简体繁体 English

Apache Spark - 后端服务器

[英]Apache Spark - Backend servers

原文 2016-09-20 04:28:12 8 3 php/ apache-spark/ apache-spark-sql

I've developed a reporting application in PHP. 我用PHP开发了一个报表应用程序。 The application is built with HTML, CSS, javascript libraries, charting library(Highcharts) & MySQL to store data. 该应用程序使用HTML，CSS，javascript库，图表库（Highcharts）和MySQL来存储数据。 The user chooses some options in the front end & clicks a "Submit button". 用户在前端选择一些选项并单击“提交按钮”。 Then the PHP layer executes a bunch of required SQLs & sends json result back to the UI where the charting & data tables are drawn. 然后PHP层执行一堆必需的SQL并将json结果发送回绘制图表和数据表的UI。

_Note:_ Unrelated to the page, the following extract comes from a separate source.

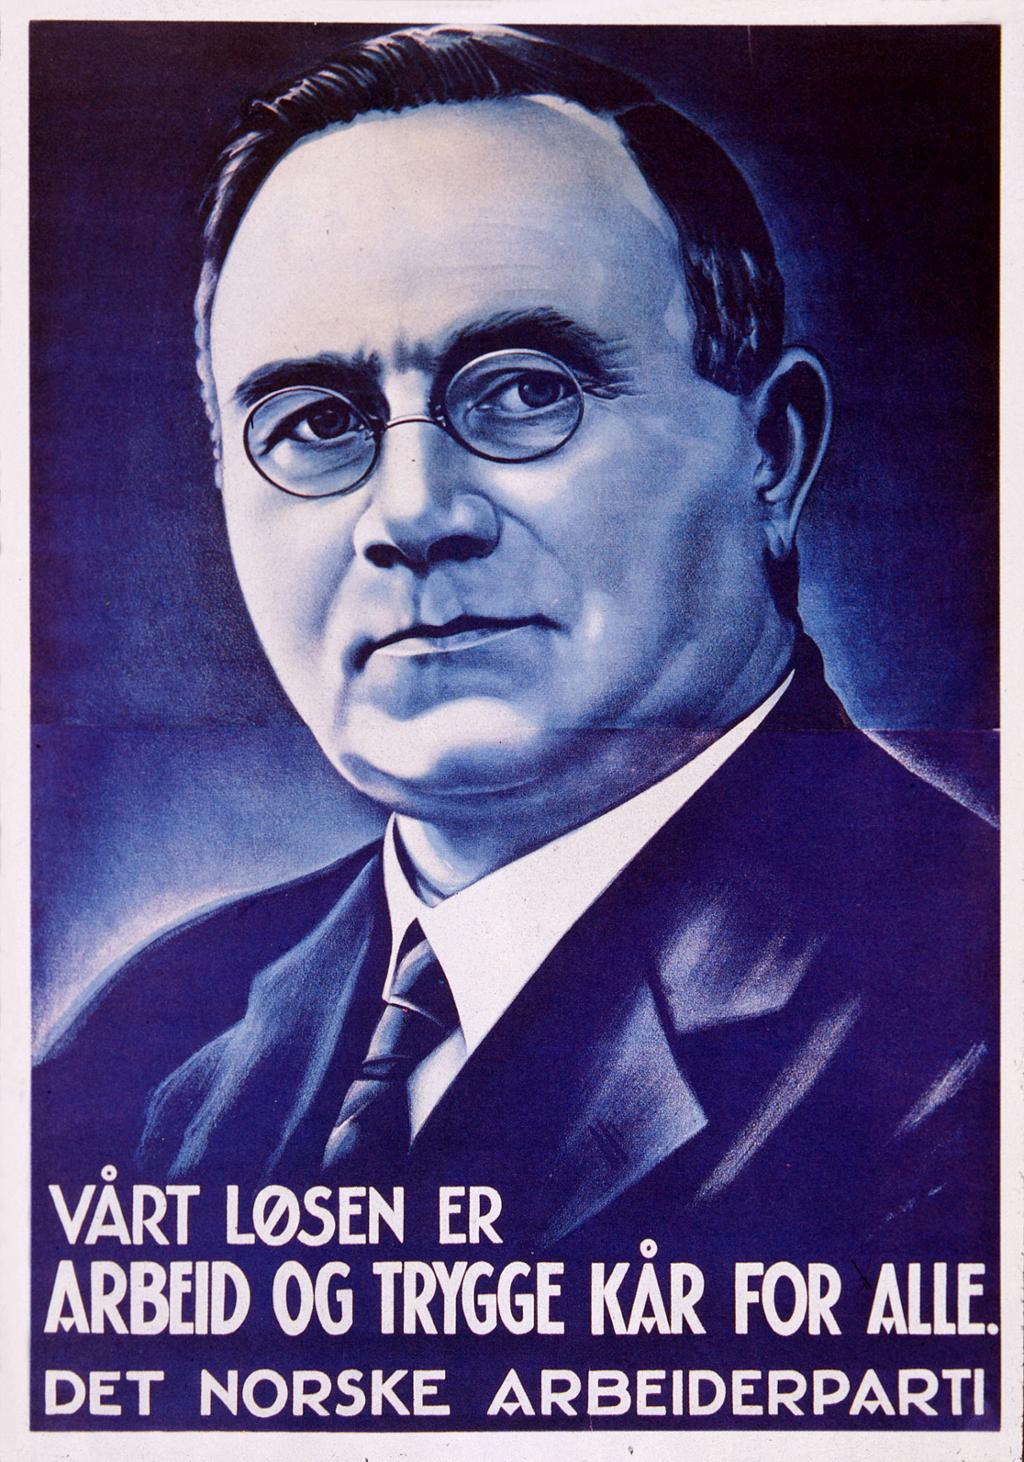 Valgplakat med Johan Nygaardsvold 1936 - Vårt løsen er arbeid og trygge kår for alle. Foto av plakat.

The requirement now is, to be able to plug in a big data solution, Apache Spark to the existing application. 现在的要求是，能够将大数据解决方案Apache Spark插入现有应用程序。 I've been researching for the last 2 weeks on if I can in someway plug in the PHP application using REST API or some sort of Spark SQL driver to connect to Spark SQL server & execute the same set of SQLs that I have now, on the Spark SQL. 我已经研究了过去两周，如果我可以使用REST API或某种Spark SQL驱动程序插入PHP应用程序来连接到Spark SQL服务器并执行我现在拥有的同一组SQL， Spark SQL。 I haven't hit a solution yet. 我还没有找到解决方案。 I've now started researching on java based technologies such as Spring, others such as Angularjs, Nodejs other MVC frameworks to rewrite the project from scratch. 我现在开始研究基于Java的技术，比如Spring，其他如Angularjs，Nodejs等其他MVC框架，从头开始重写项目。 I'm not a big fan of java development as I'm not a hardcore developer.(I build some handy tools to get things done). 我不是Java开发的忠实粉丝，因为我不是一个核心开发人员。（我构建了一些方便的工具来完成工作）。

I did read this - https://cwiki.apache.org/confluence/display/Hive/HiveClient#HiveClient-PHP , but looks like it's for a standalone spark installation. 我确实读过这个 - https://cwiki.apache.org/confluence/display/Hive/HiveClient#HiveClient-PHP ，但看起来像是一个独立的火花安装。 I'm dealing with a huge cluster in my case. 在我的情况下，我正在处理一个庞大的集群。

I'd highly appreciate any direction here please. 我非常感谢这里的任何方向。

3 个解决方案

Yes it can be done by using a hive context and spark sql thrift server in spark application. 是的，可以通过在spark应用程序中使用hive上下文和spark sql thrift服务器来完成。

you can run your spark application and do all the processing. 你可以运行你的火花应用程序并进行所有处理。 After processing if you are using a Data frame you have to just register it as a temporary table. 处理后如果使用数据框，则必须将其注册为临时表。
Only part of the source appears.